Development of a reference standard to assign bacterial versus viral infection etiology using an all-inclusive methodology for comparison of novel diagnostic tool performance

Clin Infect Dis. 2025 Jan 3:ciae656. doi: 10.1093/cid/ciae656. Online ahead of print.

Abstract

Background: Diagnostic test evaluation requires a reference standard. We describe an approach for creating a reference standard for acute infection using unrestricted adjudication and apply it to compare biomarker tools.

Methods: Adults and children with suspected acute infection enrolled in three prospective studies at emergency departments and urgent cares were included. Adjudicators, blinded to C-reactive protein, procalcitonin, and MeMed BV (MMBV), labeled each case (bacterial/viral/non-infectious/indeterminate). Initial adjudication involved 3 adjudicators. Reference standard cohorts were defined: Microbiologically confirmed (3/3 adjudicators concur with high confidence and a concordant microbiological finding), unanimous (3/3 adjudicators concur with high confidence), suspected (3/3 adjudicators concur with high/moderate confidence or 2/3 adjudicators concur with high confidence) and all-inclusive (remaining unlabeled cases were reviewed by up to 7 additional adjudicators until reaching a leading label).

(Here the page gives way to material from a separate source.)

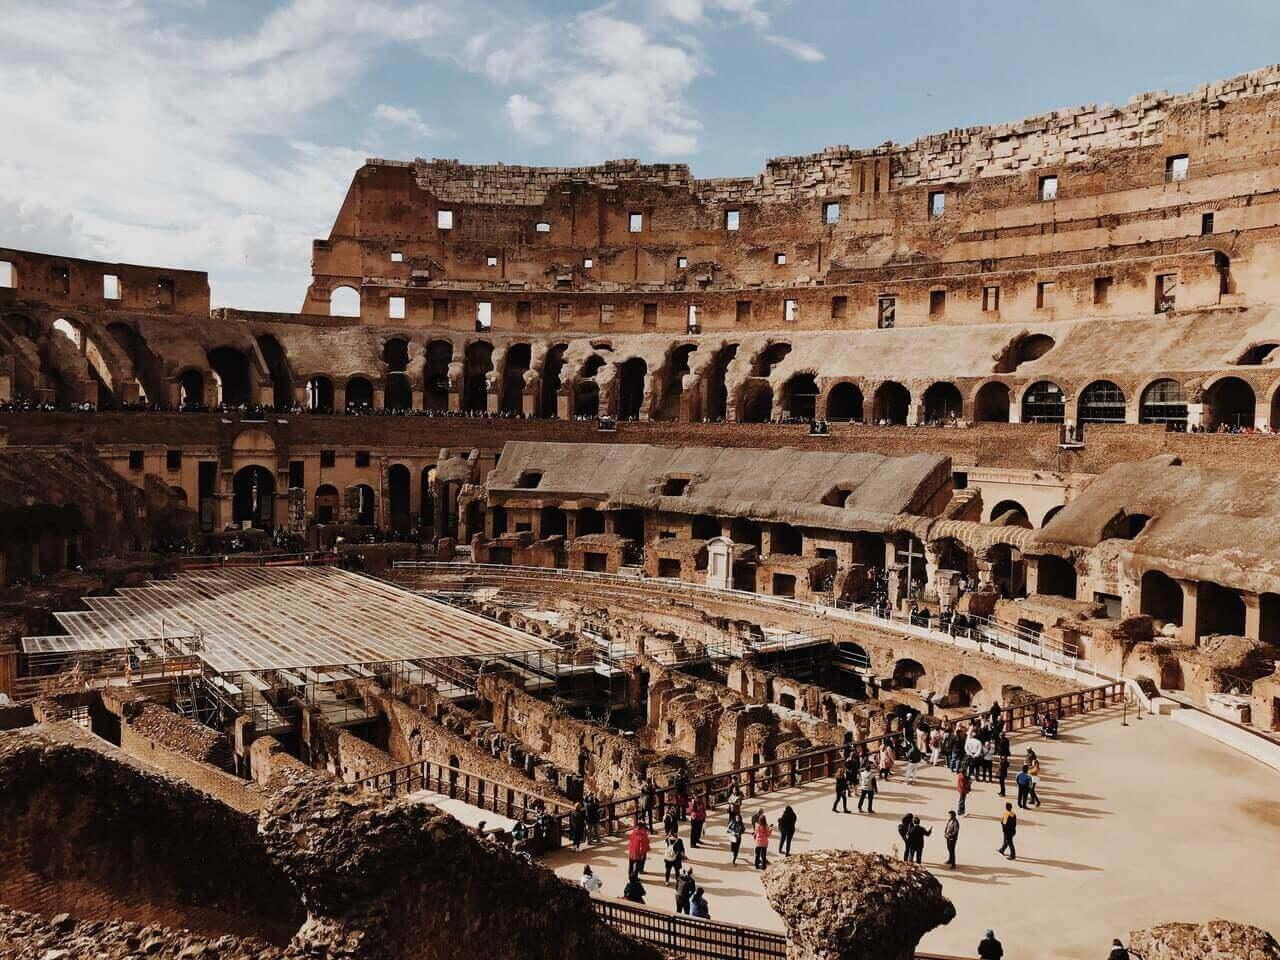 Facts of Roman Colosseum

Results: Among 1016 patients, 156 difficult-to-diagnose cases required over 3 adjudicators. The area under the receiver operating characteristic curve in the microbiologically confirmed (n=427), unanimous (n=565), suspected (n=860) and all-inclusive (n=1016) cohorts for MMBV were 0.98 (95% confidence interval 0.94-1.00), 0.98 (0.95-1.00), 0.95 (0.92-0.98) and 0.90 (0.87-0.93), respectively, and for procalcitonin were 0.69 (0.57-0.81), 0.77 (0.68-0.86), 0.74 (0.68-0.80) and 0.70 (0.65-0.75), respectively. A delta in performance between MMBV and procalcitonin was maintained across the different cohorts.

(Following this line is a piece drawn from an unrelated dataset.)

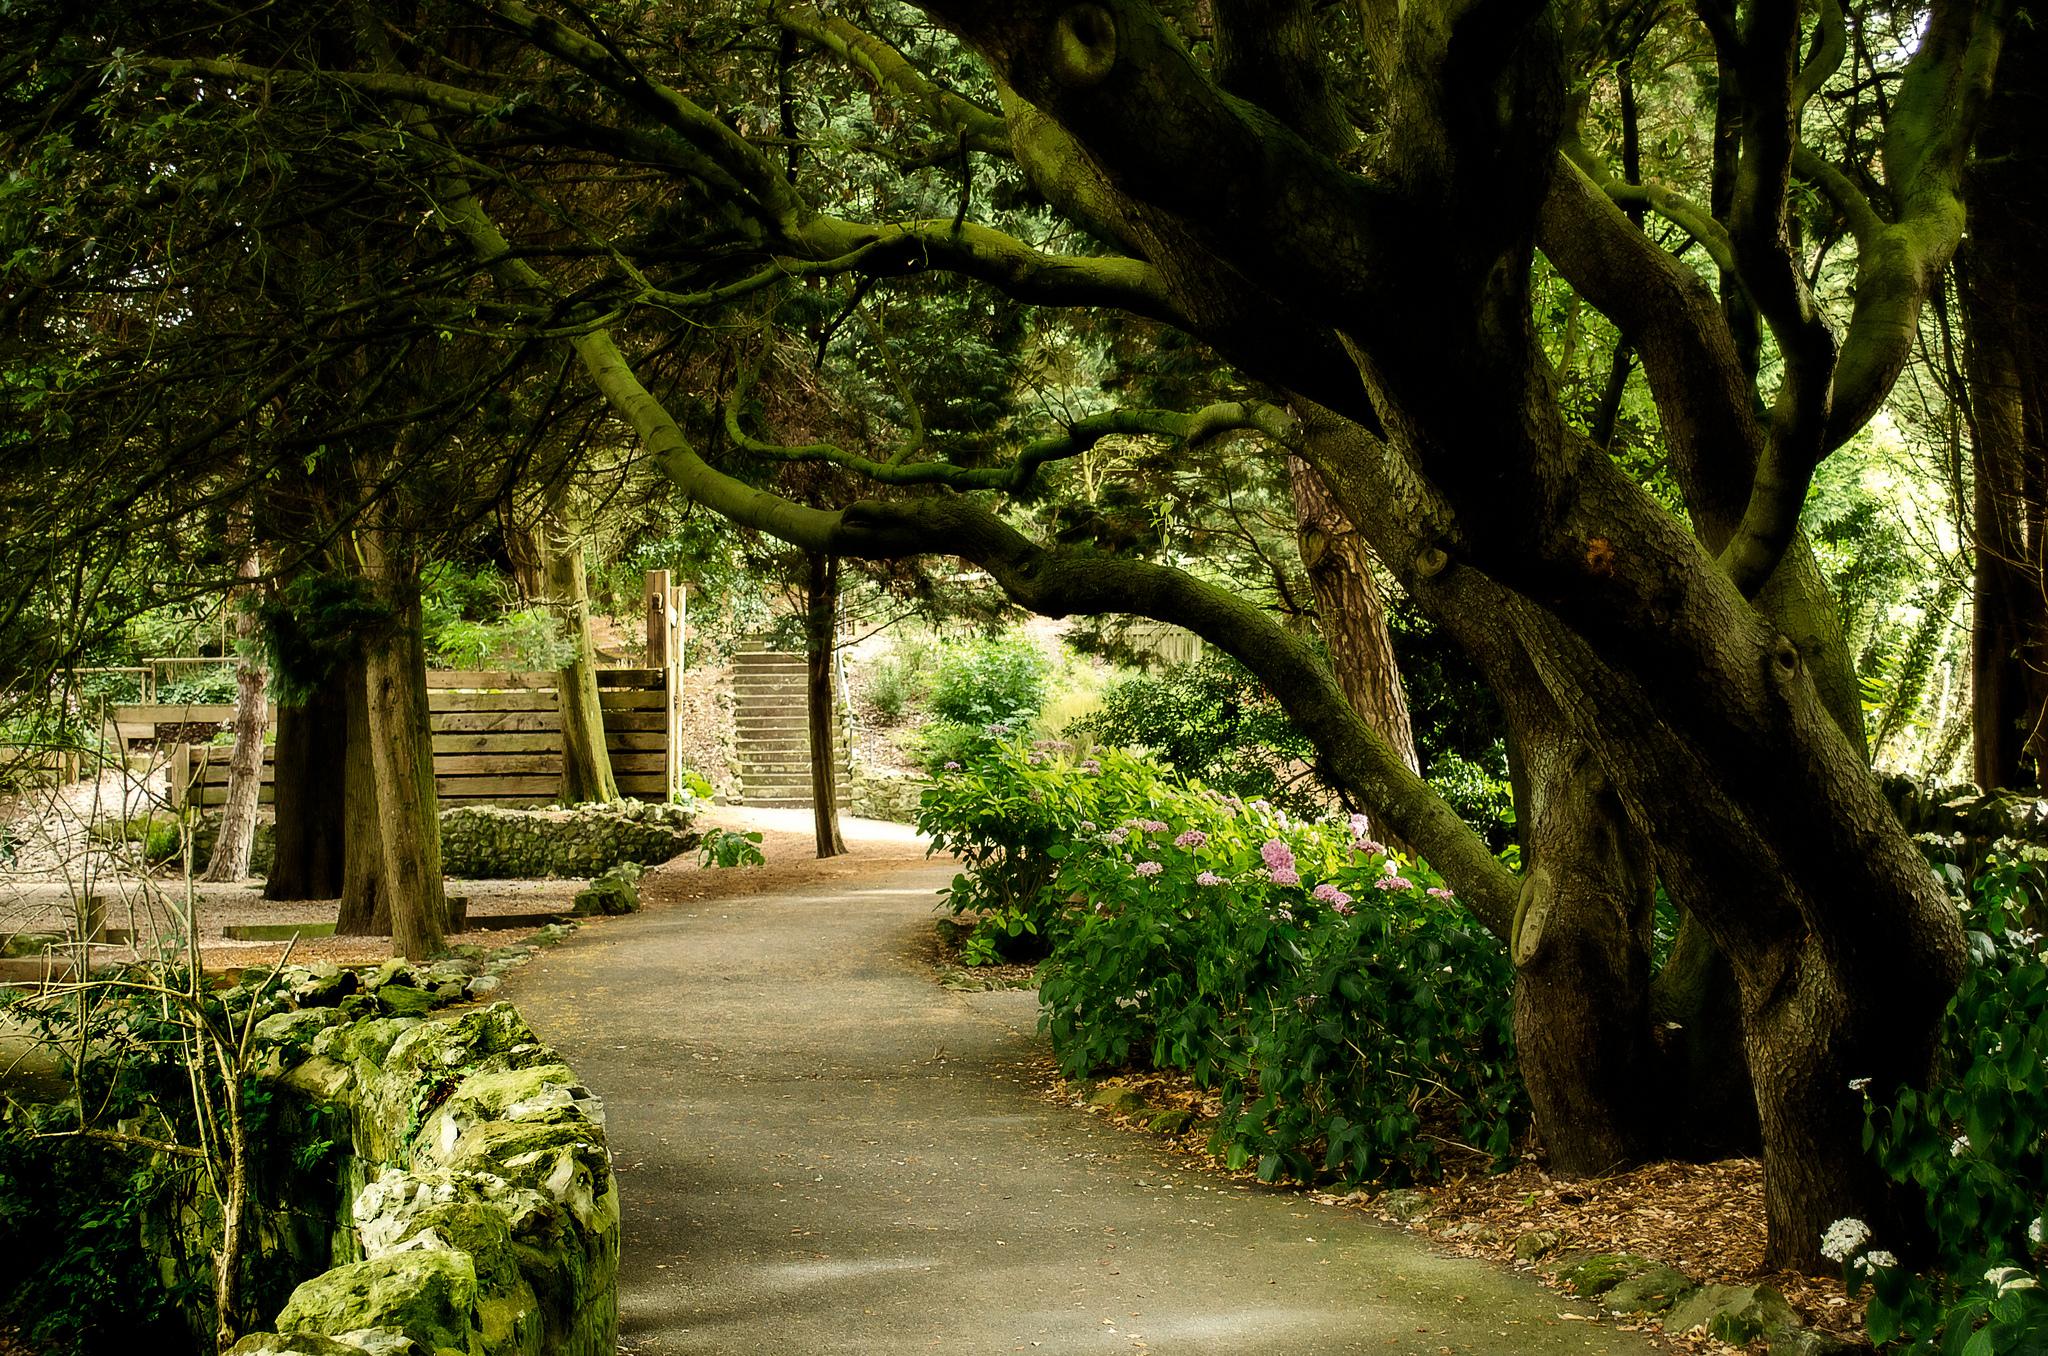 Ventnor Botanic Garden 2013 - 09

Conclusion: Creating a reference standard that includes difficult-to-diagnose cases demands an approach to addressing diagnostic uncertainty in acute infections. Tool performance depends on the reference standard applied and decreases as the difficulty to diagnose increases, highlighting the importance of using the same reference standard when comparing tools.

Keywords: Adjudication-based reference standard; diagnostic performance; diagnostic tool; difficult-to-diagnose cases; infection etiology.